Detailed explanations are in the code comments below.

In [None]:
# Creating a new attribute and populating it with the contents of the attribute that we want to transform.
race_num=adult_small.race

# Adding the new attribute to the dataframe
adult_small['race_num'] = race_num

# Checking the contents of the new attribute
adult_small.race_num

In [None]:
# Let's check the shape now. Instead of 12 attributes, we should have 10 rows and 13 columns now because we have built a new race_num attribute
adult_small.shape

In [None]:
# Now that we have the race_num column built, let's check the datatypes of both attributes.
adult_small.dtypes[['race','race_num']]

## **2.2 Transforming the values**
To transform an object value to numeric, we need to get the numbers from somewhere. In our case, we will transform the object to category. That gives us the index numbers for the category. Then we will replace the string values with these index numbers for the category--and voila! we have a numeric transformation.
(If you see any attribute replacement warnings as you run the code below, you can ignore them.)

In [None]:
# Here, we convert the race_num values to categorical (to obtain the index numbers)
adult_small['race_num']= adult_small['race_num'].astype('category')

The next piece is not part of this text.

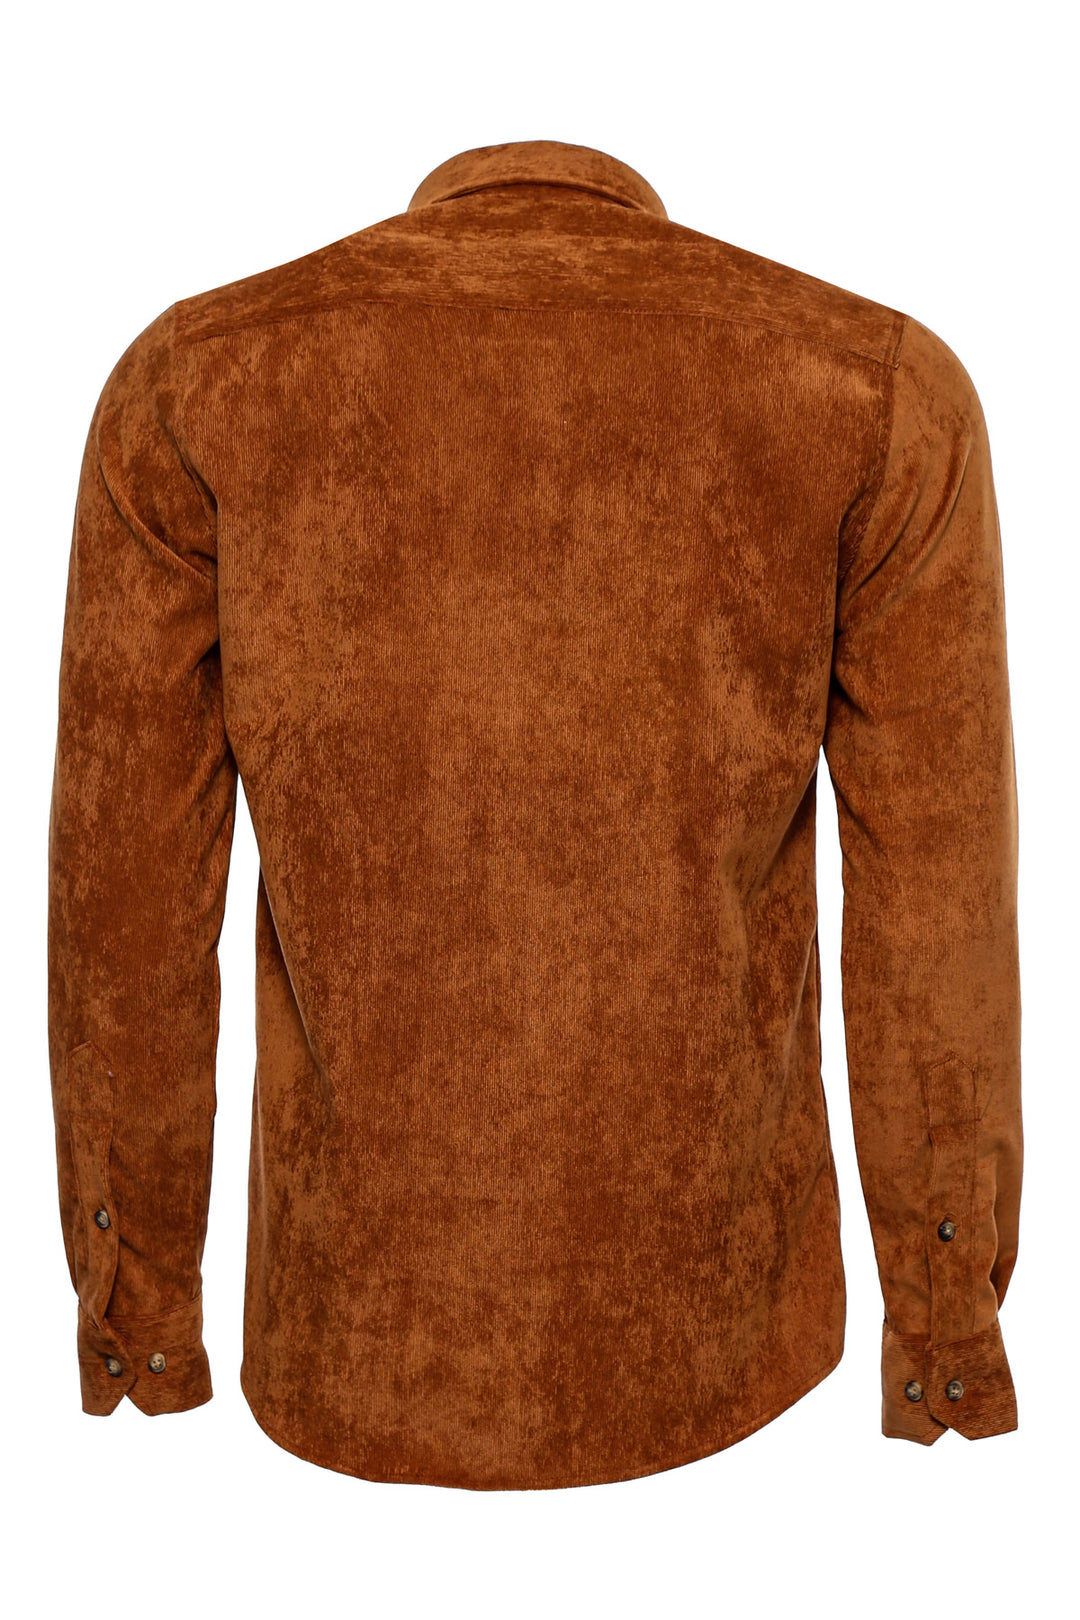 Brown Long Sleeves Velvet Men's Shirt - Wessi

# Now we replace the categories with their index numbers, i.e. the category codes
adult_small['race_num']= adult_small['race_num'].cat.codes

# Let's see what the datatypes look like now
adult_small.dtypes[['race','race_num']]

In [None]:
# Now let's display the contents of both attributes to double-check
adult_small[['race','race_num']]

**SUCCESS!** Now that we have worked the code out for our small proof-of-concept dataframe, we can apply it to the entire adult dataframe.

In [None]:
# First, we back the dataframe up.
adult2=adult

# Now we build the column and copy the original values into it
adult2['race_num'] = adult2.race

# Third, we convert race_num into categorical
adult2['race_num']= adult2['race_num'].astype('category')

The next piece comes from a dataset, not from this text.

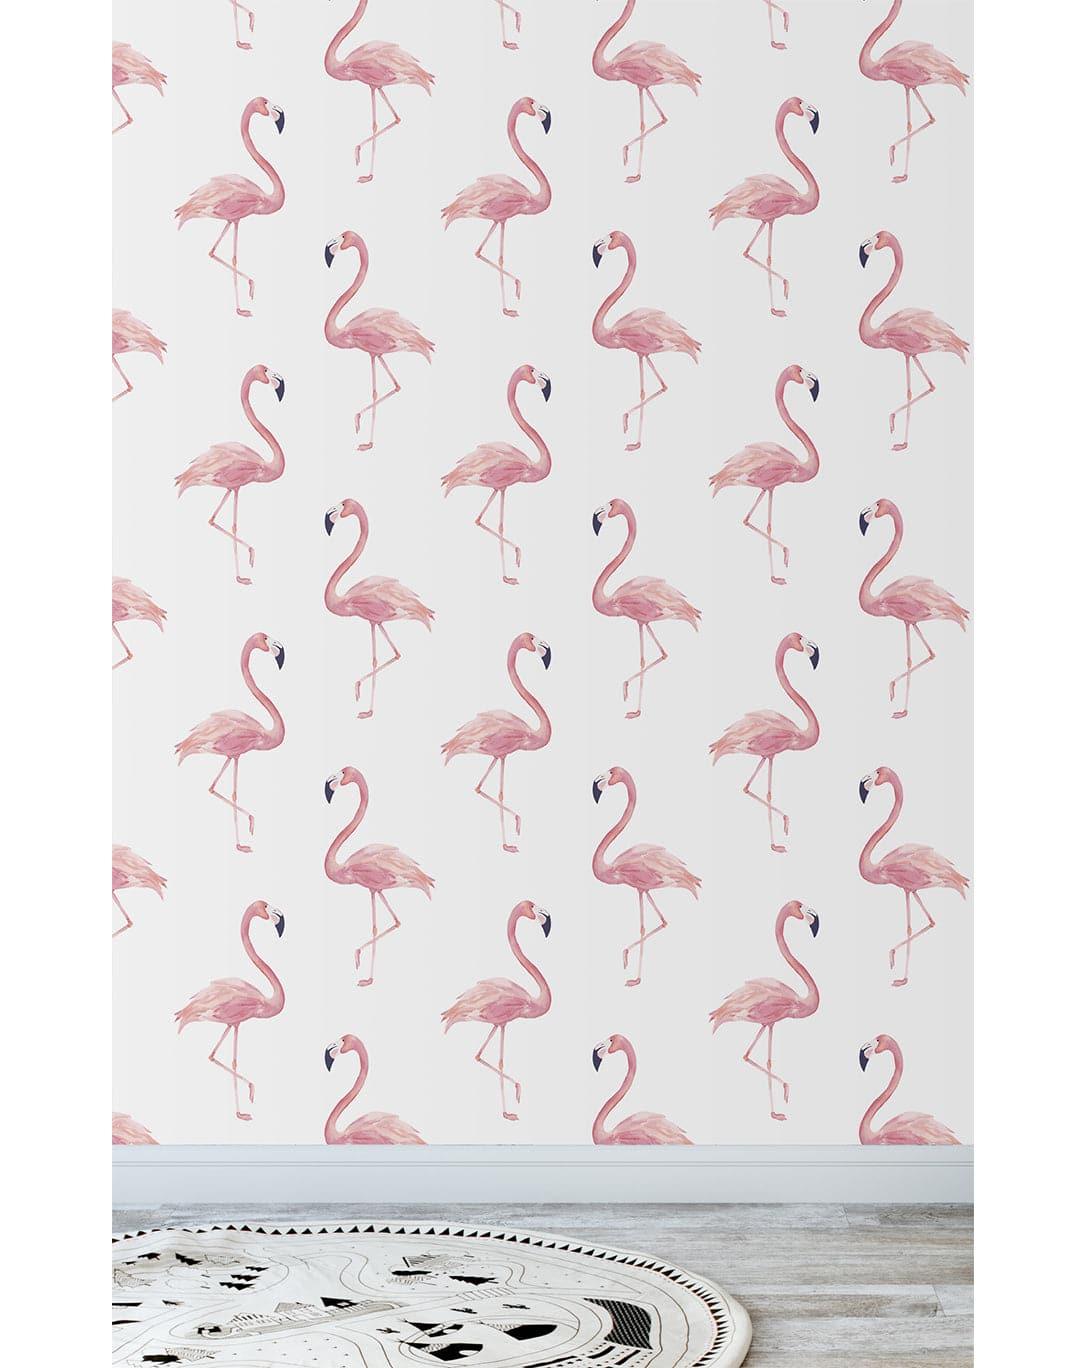 Watercolor Exotic Pink Flamingos Wallpaper Watercolor Exotic Pink Flamingos Wallpaper Watercolor Exotic Pink Flamingos Wallpaper

# Then, we replace the strings with the category indices
adult2['race_num']= adult2['race_num'].cat.codes

# Now, we check the data types
adult2.dtypes[['race','race_num']]

**YAY!** That worked, too. But how did pandas assign the numbers? Let's find out:

In [None]:
# Making a temporary new dataframe because it's so much easier to work with just 2 attributes
race_exploration=adult2[['race','race_num']]
race2=race_exploration.drop_duplicates()
race2.sort_values(by=['race_num'])

##**Your Turn**
Explain in a couple of complete sentences the logic with which pandas has assigned the numbers for the race_num array.

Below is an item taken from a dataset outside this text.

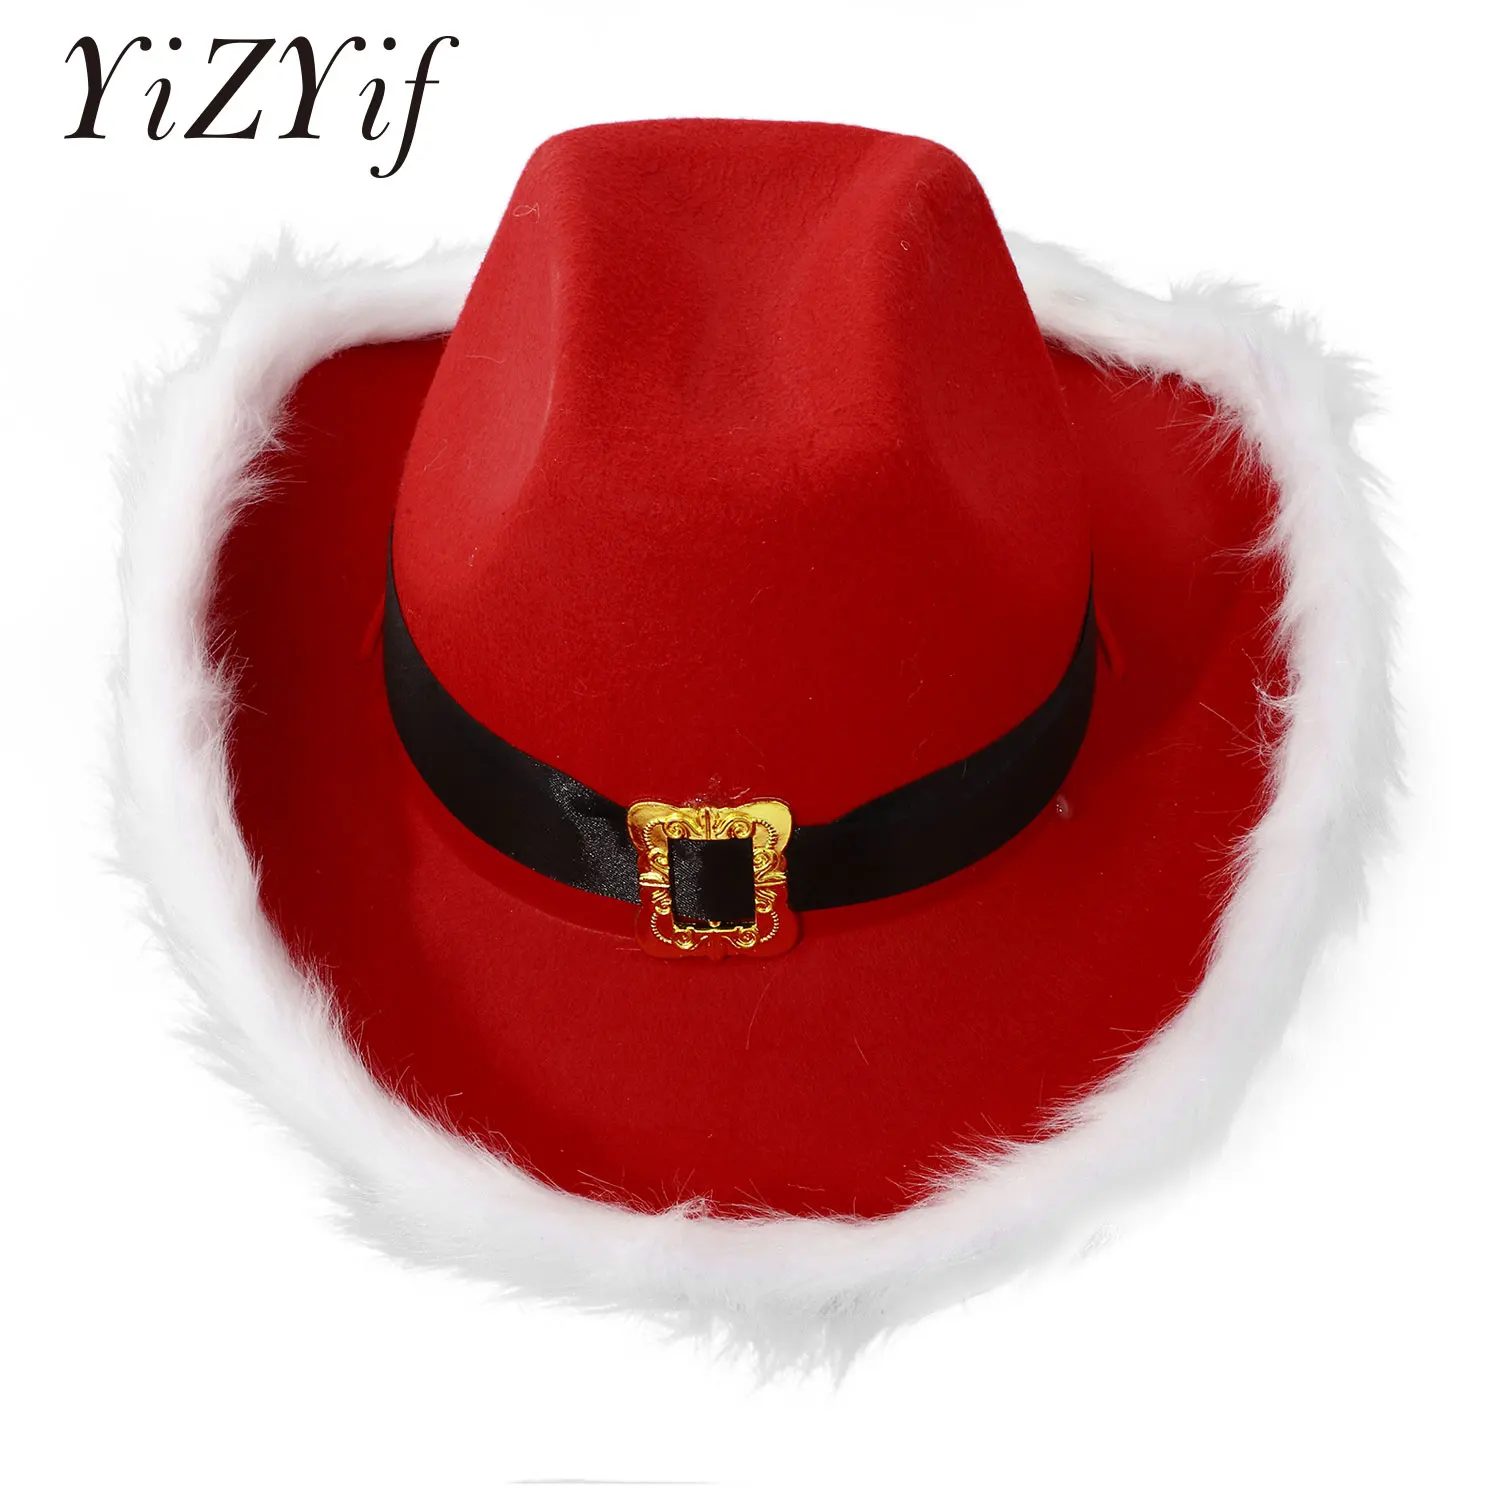 

Красные пушистые шапки Санта-Клауса, Женская рождественская черная ковбойская шляпа с ремешком и перьями, шляпа Санта-Клауса с фетровыми краями, украшение для рождественской и новогодней вечеринки, шляпа Санта-Клауса

#**3. If you get stuck ...**

In [None]:
# 1.1 Slicing and Subsetting
# Now use the code field below to save the first five columns and the first five rows into their own dataframe like this:#
adult_sonja_short = adult.iloc[0:5,0:5]
adult_sonja_short

In [None]:
# 1.2 Subsetting
# Now use <= 20 to find all the people who are younger than or equal to 20
adult[adult['age'] <= 20]
# How about all the people who are older than 75?
adult[adult['age'] > 70]
# Find all the people in the United-States
adult[adult['nativecountry'] == 'United-States']
# Then, find all the people from Cuba!
adult[adult['nativecountry'] == 'Cuba']

In [None]:
# 1.3 Building your own reduced dataset
adult_small = adult.iloc[69:79,]
adult_small

In [None]:
# 1.4 Column-Based Dimensionality Reduction
#maritalstatus as index
household3 = household.groupby('maritalstatus').apply(lambda x: x['relationship'].unique())
household3

#education as index
degree3 = degree.groupby('education').apply(lambda x: x['educationyears'].unique())
degree3

In [None]:
# 1.4 Row-Based Dimensionality Reduction
# adult5 dataframe that contains only rows of male individuals.
adult6 = adult
adult6 = adult6.set_index('sex')
adult6 = adult6.drop('Female', axis=0) # Delete all rows with label 'Female'
adult6.head()

2. Transforming Data
Index numbers are assigned based on the terms in alphabetical order.